→ **SUPPLIED MATERIAL**:
---

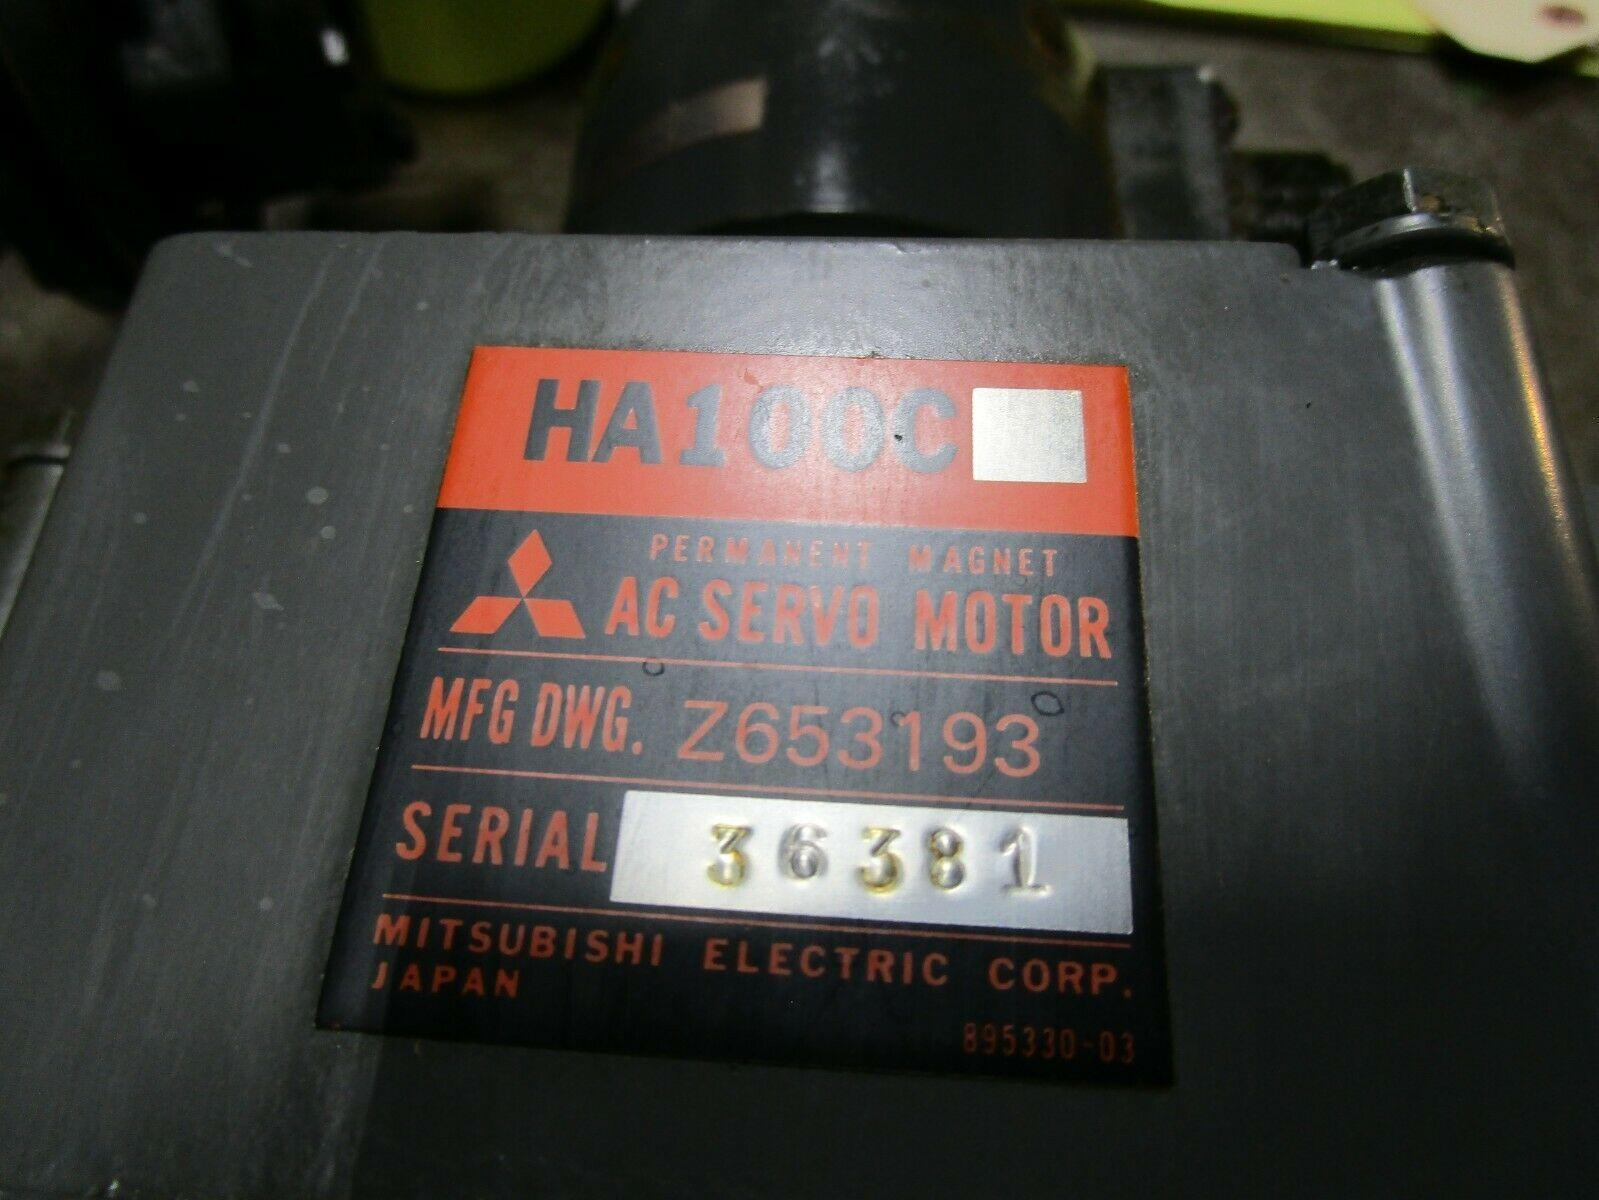 Mitsubishi Axis Motor Servo Motor HA100C Z653193
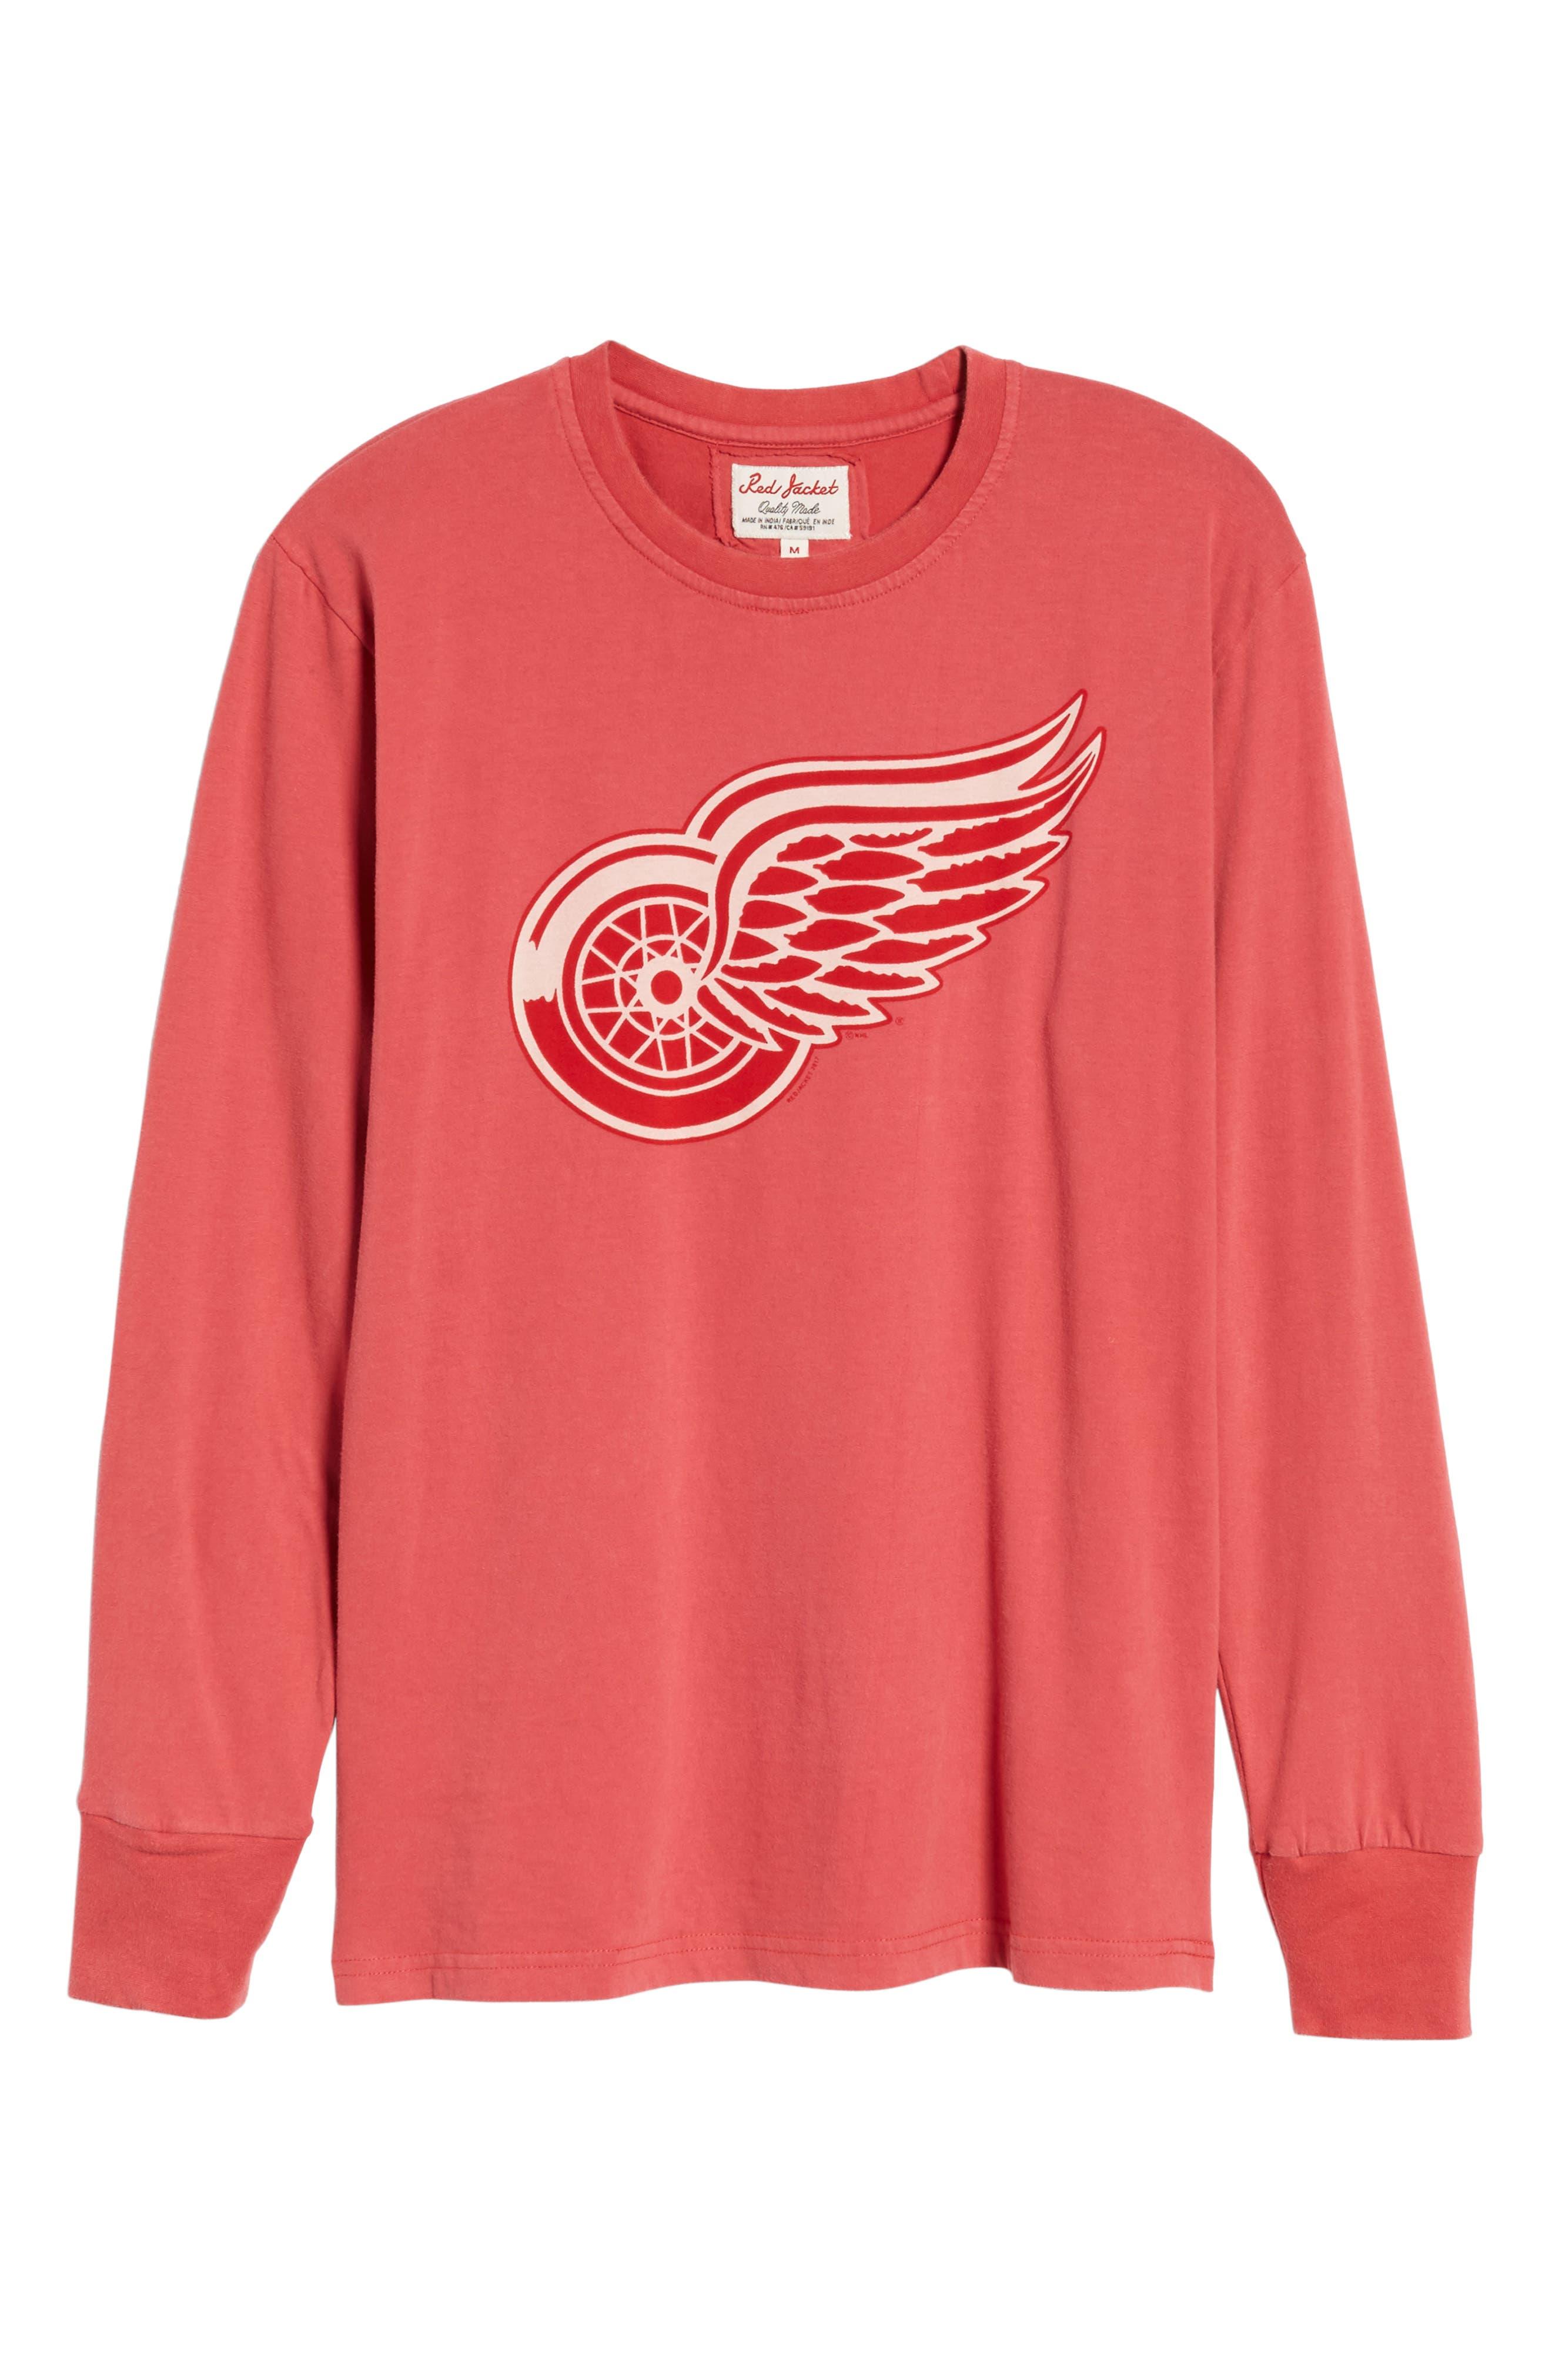 Gresham Red Wings T-Shirt,                             Alternate thumbnail 6, color,                             Red
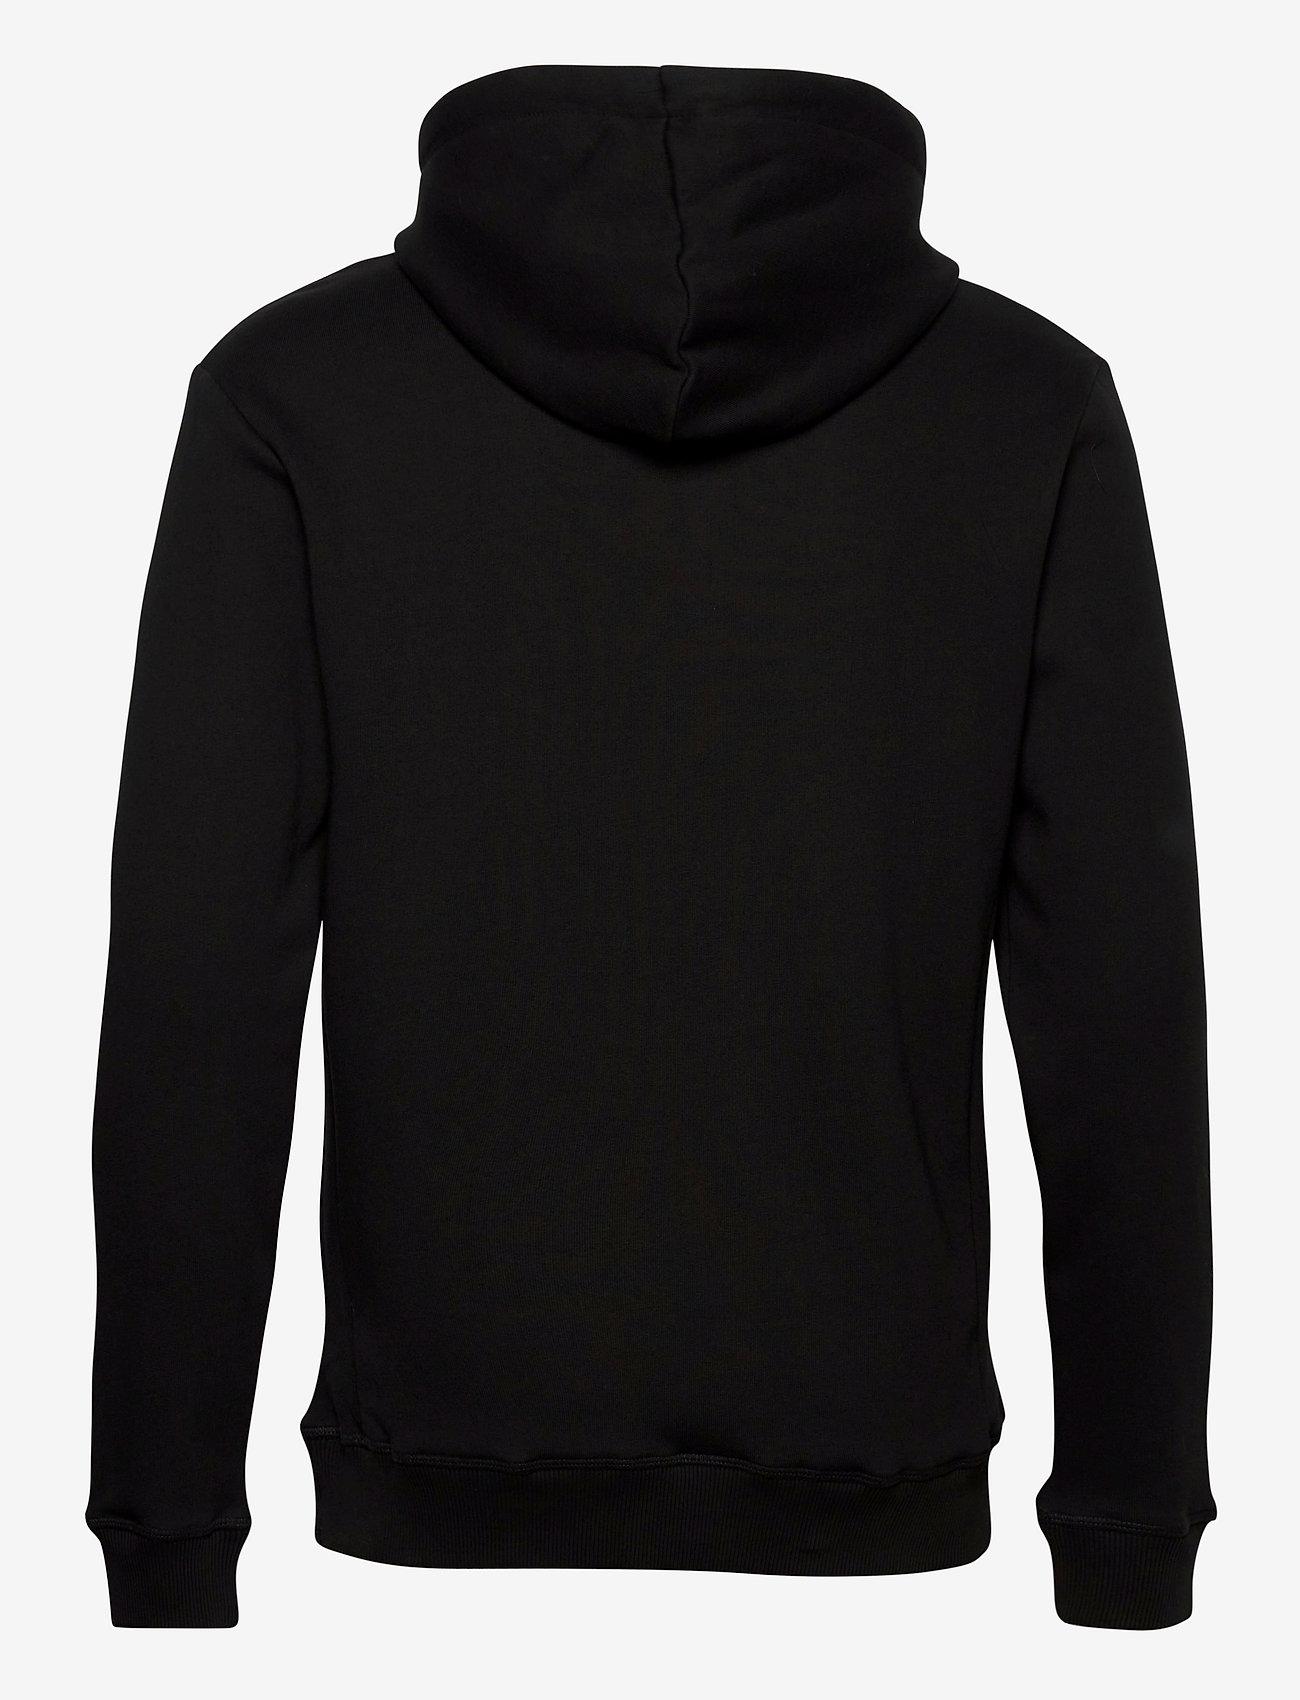 Les Deux Boozt Piece Hoodie - Sweatshirts BLACK/ORANGE-BLACK - Menn Klær

---

→ **TASK REQUIREMENTS**: When an image appears in the data, skip it and output the rest exactly.

→ **FINISHED TASK**:
 Mitsubishi Axis Motor Servo Motor HA100C Z653193
 Gresham Red Wings T-Shirt,                             Alternate thumbnail 6, color,                             Red
 Les Deux Boozt Piece Hoodie - Sweatshirts BLACK/ORANGE-BLACK - Menn Klær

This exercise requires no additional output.